Author Topic: Petitboot lock after Fedora 36 update  (Read 5764 times)

DKnoto

  • Jr. Member
  • **
  • Posts: 82
  • Karma: +13/-0
    • View Profile
Petitboot lock after Fedora 36 update
« on: September 26, 2022, 12:07:45 pm »
Today, after the Fedora 36 update, I had an unpleasant surprise. The first phase of the system update went as usual without any problems.
Then, as recommended, I restarted the machine and the firmware update phase began.
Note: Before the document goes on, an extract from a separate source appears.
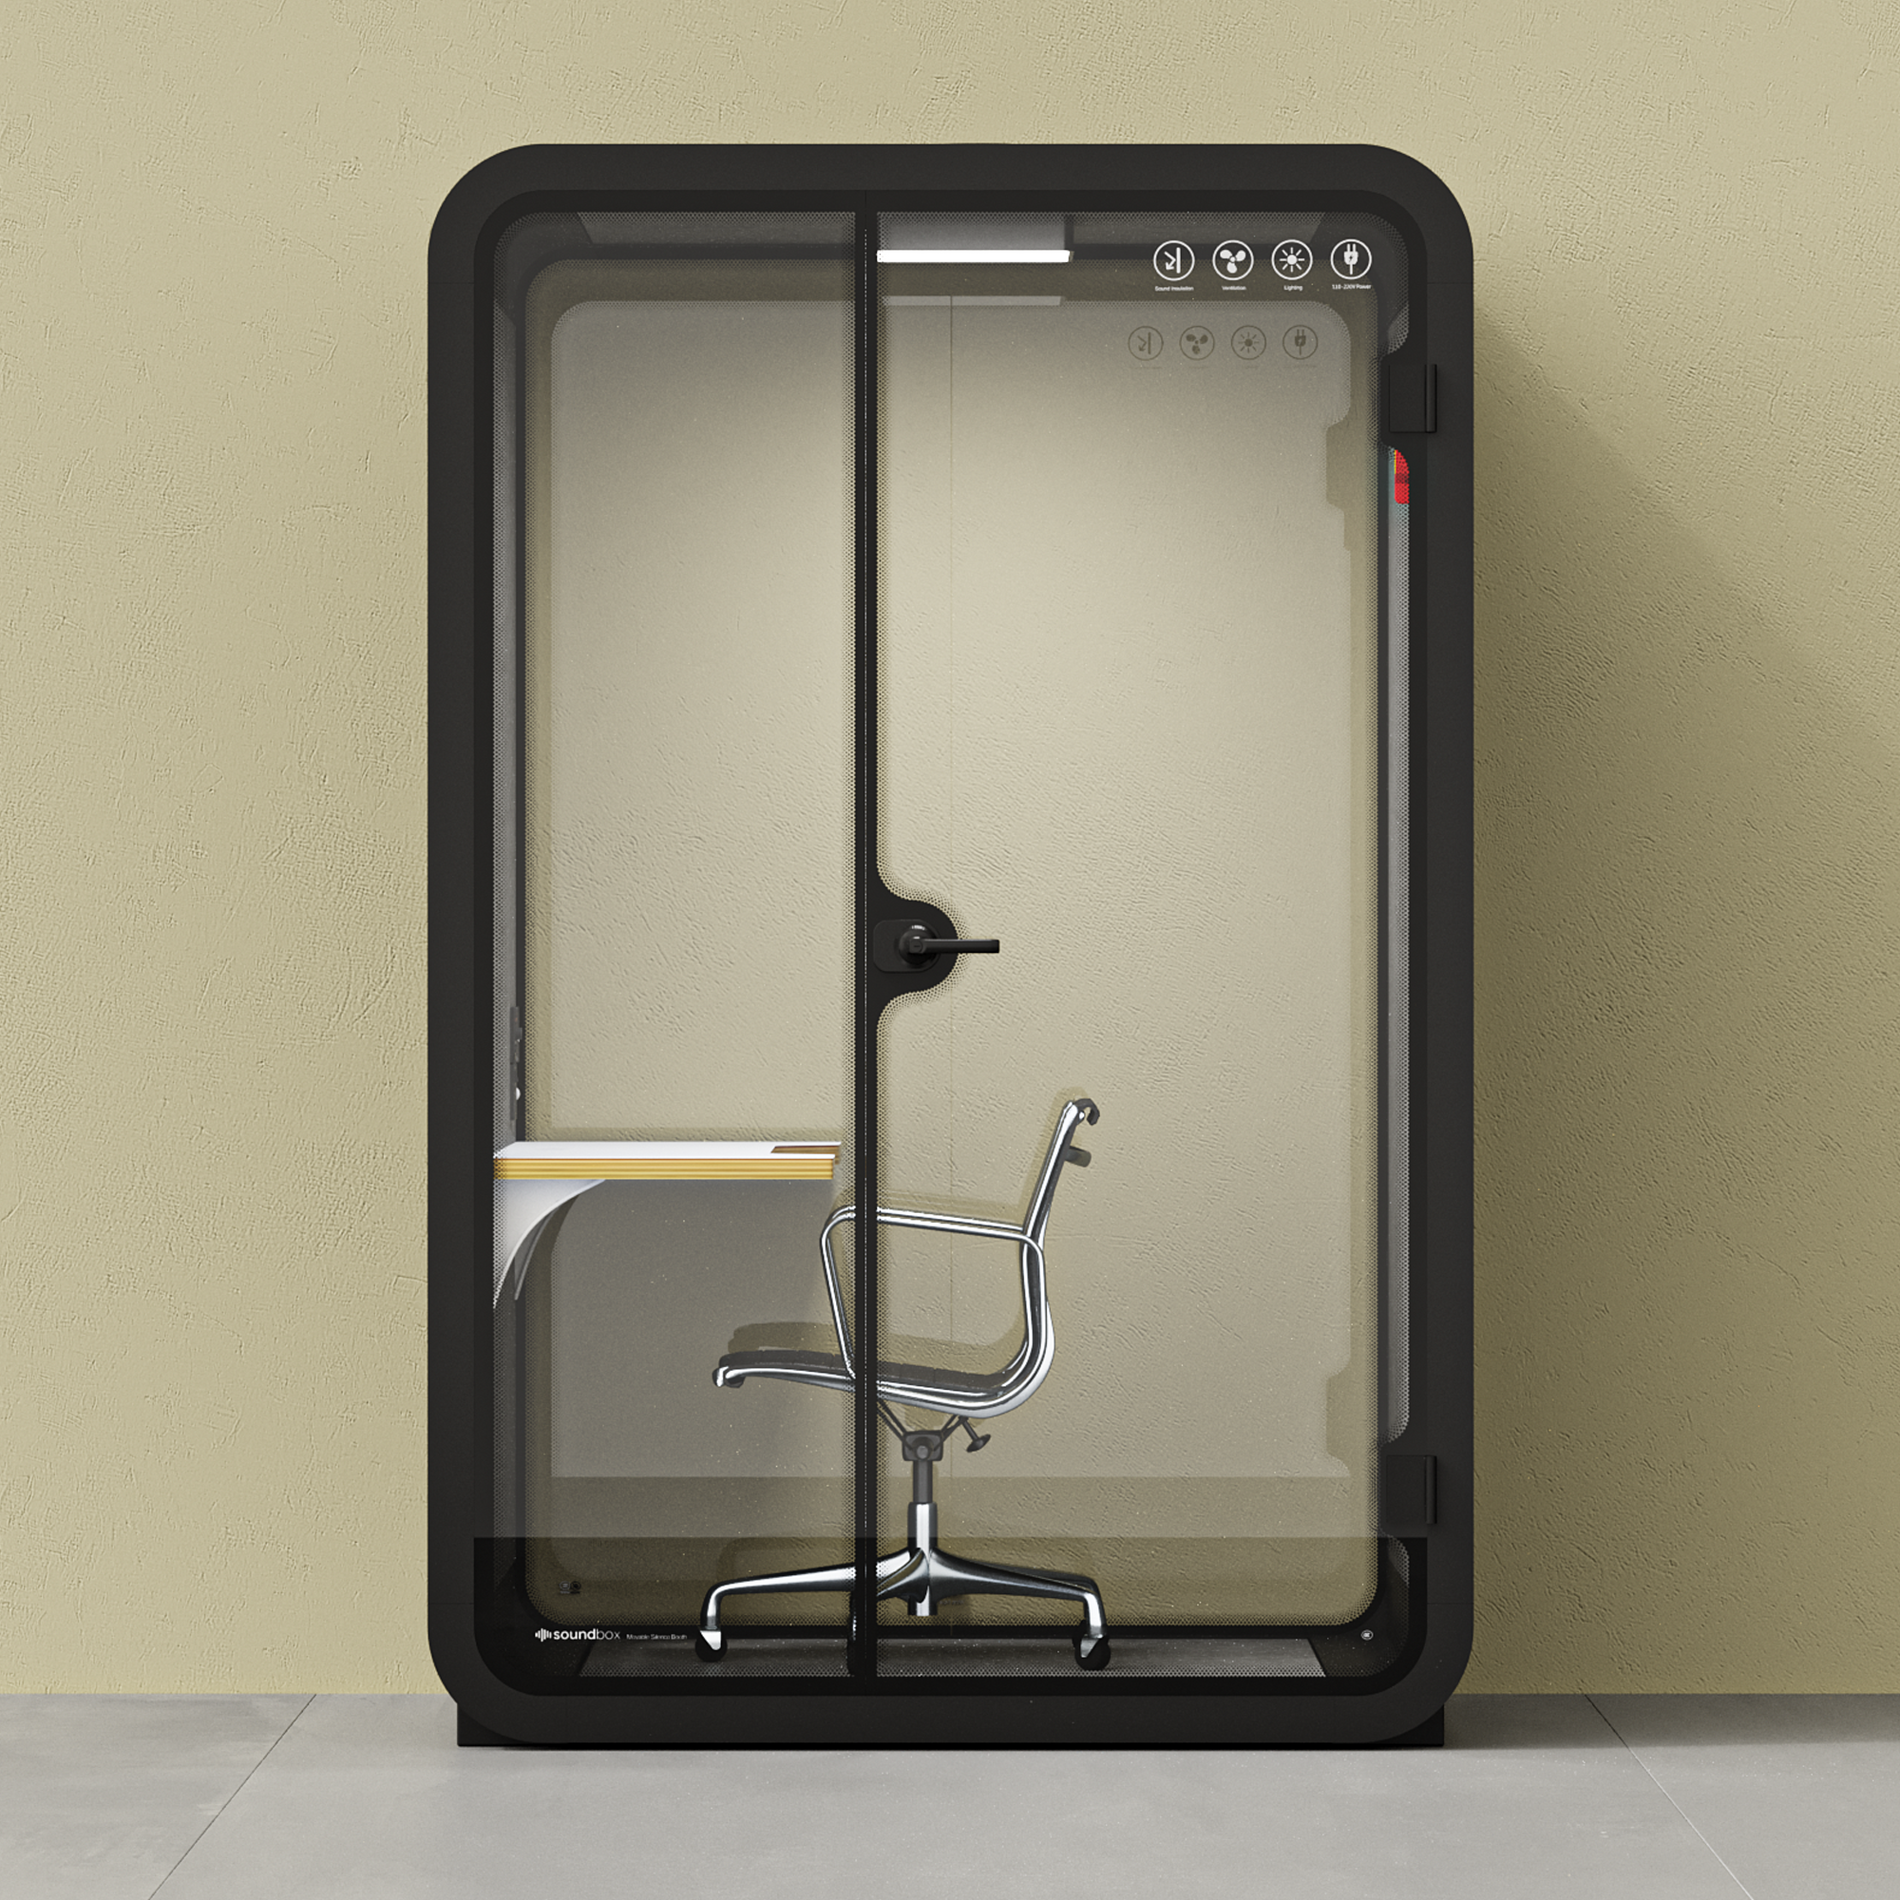 Quell Caseta de Oficina para Dos PersonasCharcoal / Dark Gray / Work Station + Designer Office Chair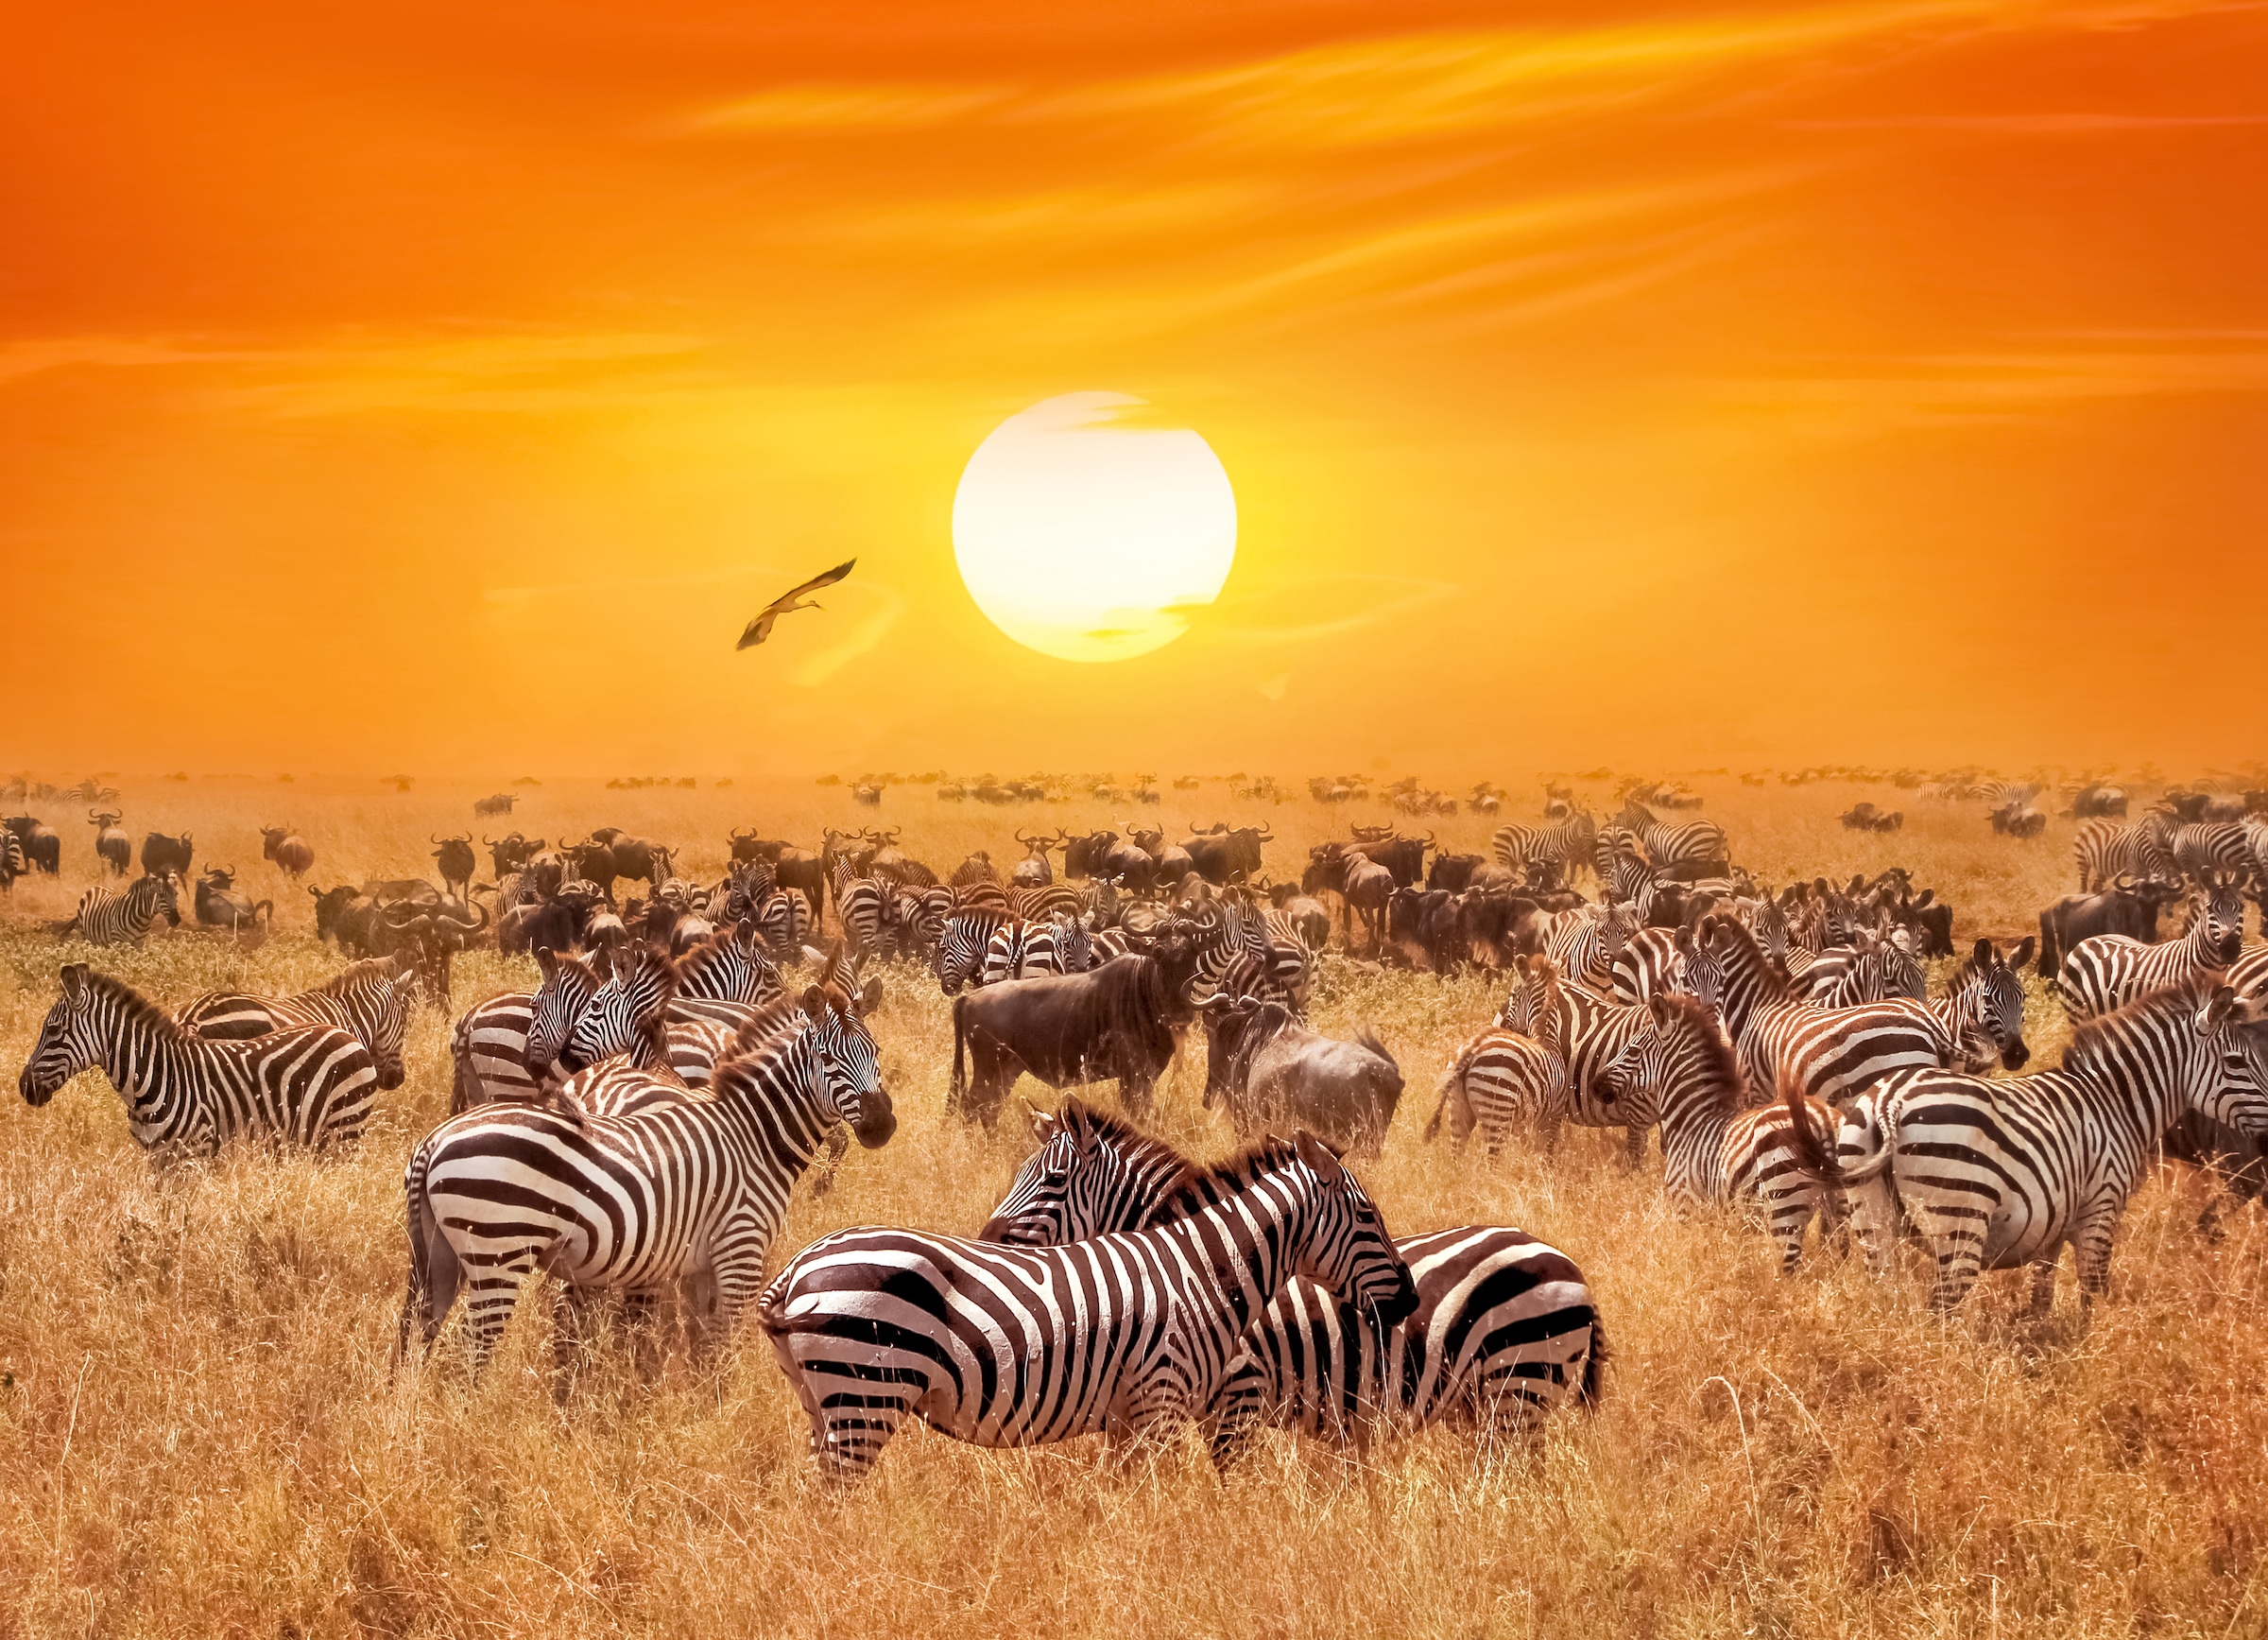 Fototapete »African Antelopes and Zebras«

After this process was completed, it was rebooted
again and here are the problems:
  • Petitboot did not detect the disk, there is no list of possible kernels to load;
  • USB keyboard stopped working, locked on all USB sockets
  • the "Power" button stopped working, I couldn't turn off the machine
  • At the bottom of the screen, Petitboot wrote the message "Info: Waiting for device discovery"
Any ideas?

Minor fix, after the next restart the "Power" key works.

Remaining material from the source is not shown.